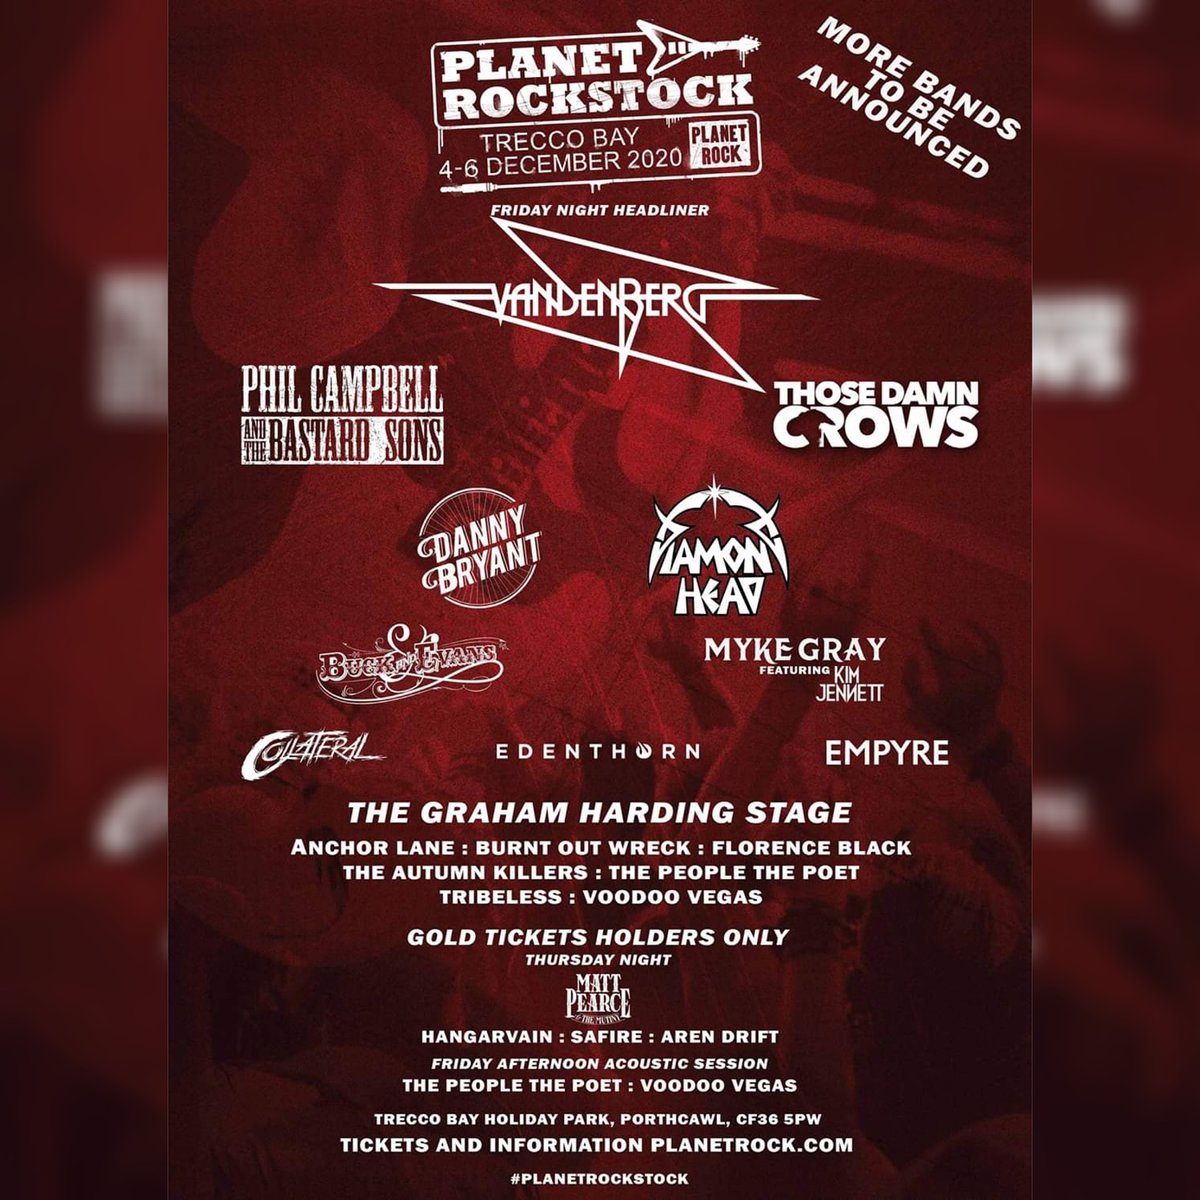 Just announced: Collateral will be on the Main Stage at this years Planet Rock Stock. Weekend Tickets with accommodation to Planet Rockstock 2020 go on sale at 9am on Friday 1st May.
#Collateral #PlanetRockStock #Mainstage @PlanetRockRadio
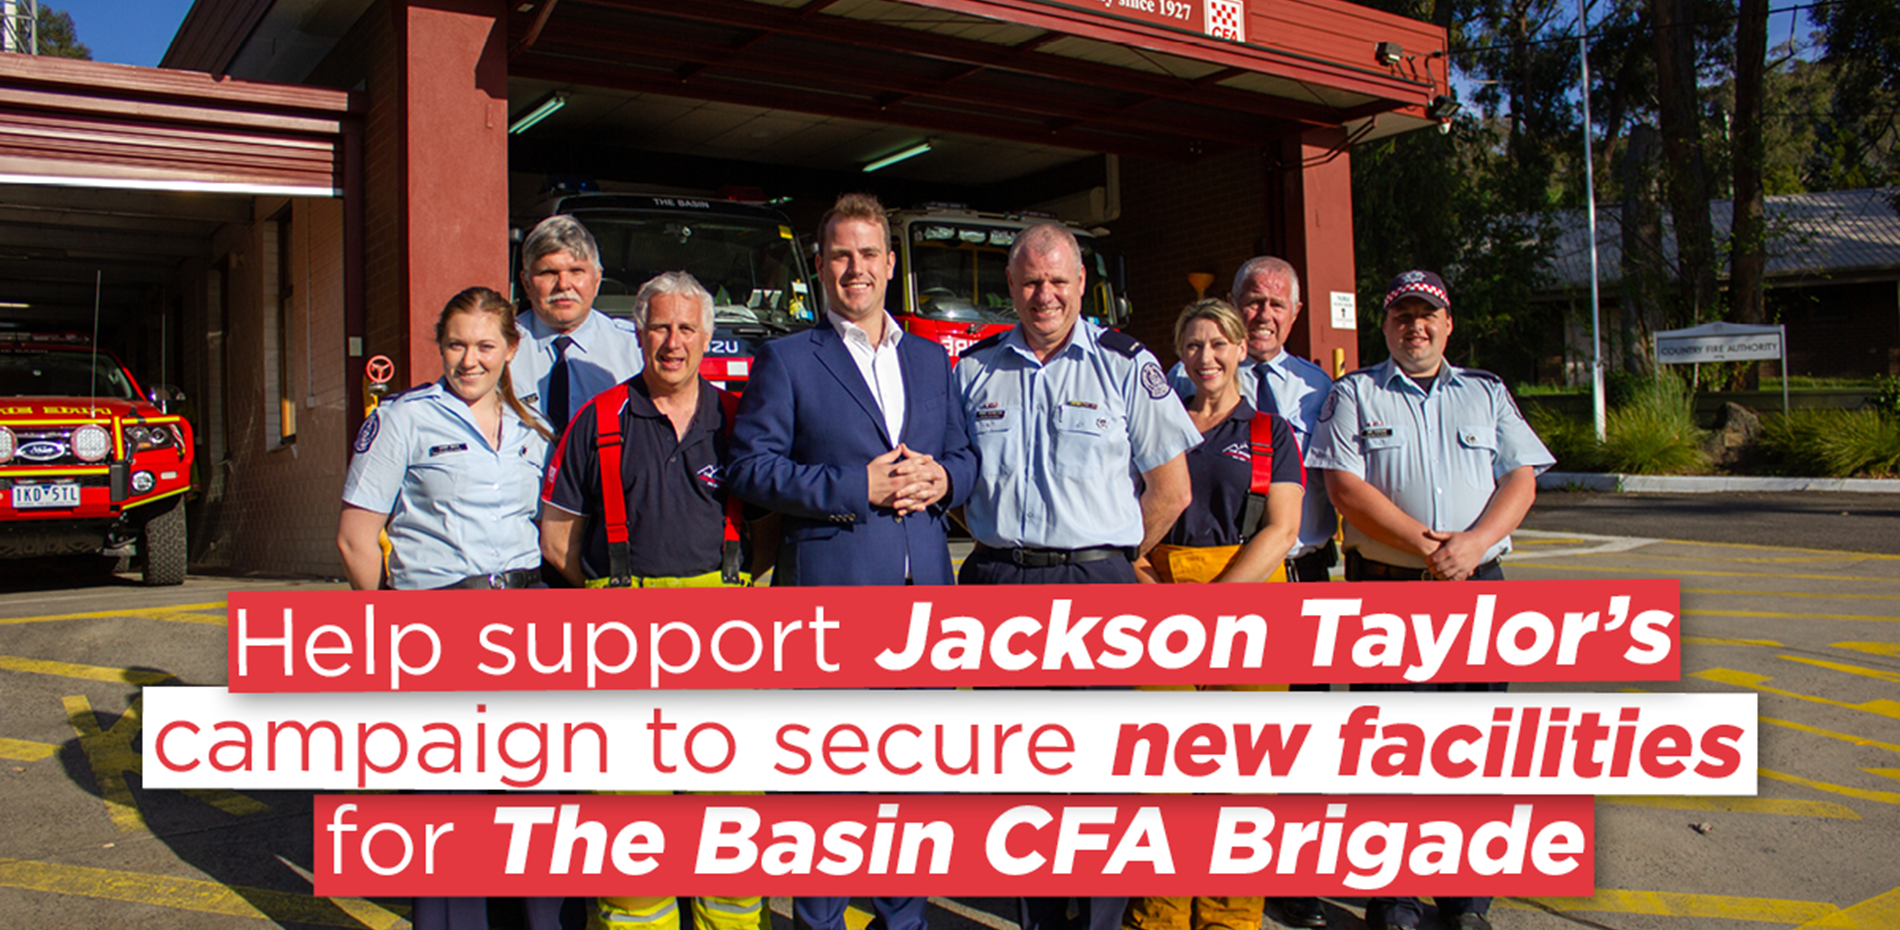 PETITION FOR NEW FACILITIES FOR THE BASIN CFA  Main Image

==

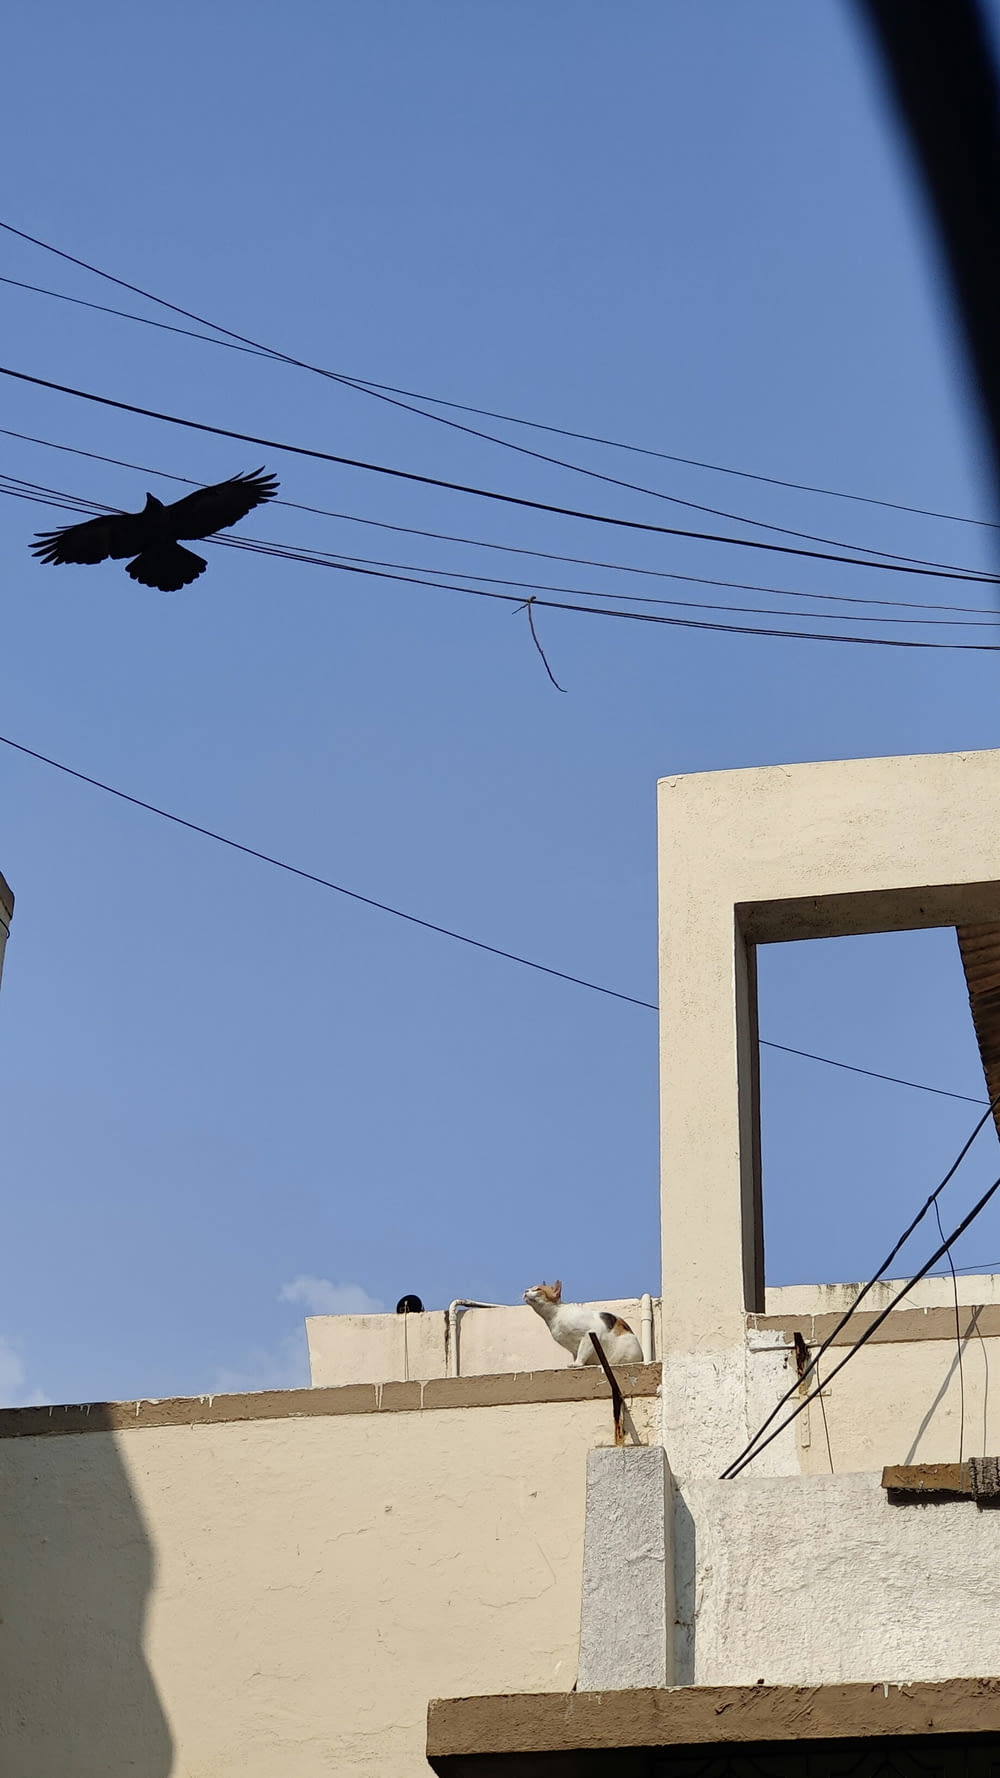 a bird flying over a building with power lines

Activity - Copy nothing but the lines above that run from the one with "Just announced: Collateral" to the one with "PETITION FOR NEW", ends included; pictures stay out.

Answer space -
 Just announced: Collateral will be on the Main Stage at this years Planet Rock Stock. Weekend Tickets with accommodation to Planet Rockstock 2020 go on sale at 9am on Friday 1st May.
#Collateral #PlanetRockStock #Mainstage @PlanetRockRadio
 PETITION FOR NEW FACILITIES FOR THE BASIN CFA  Main Image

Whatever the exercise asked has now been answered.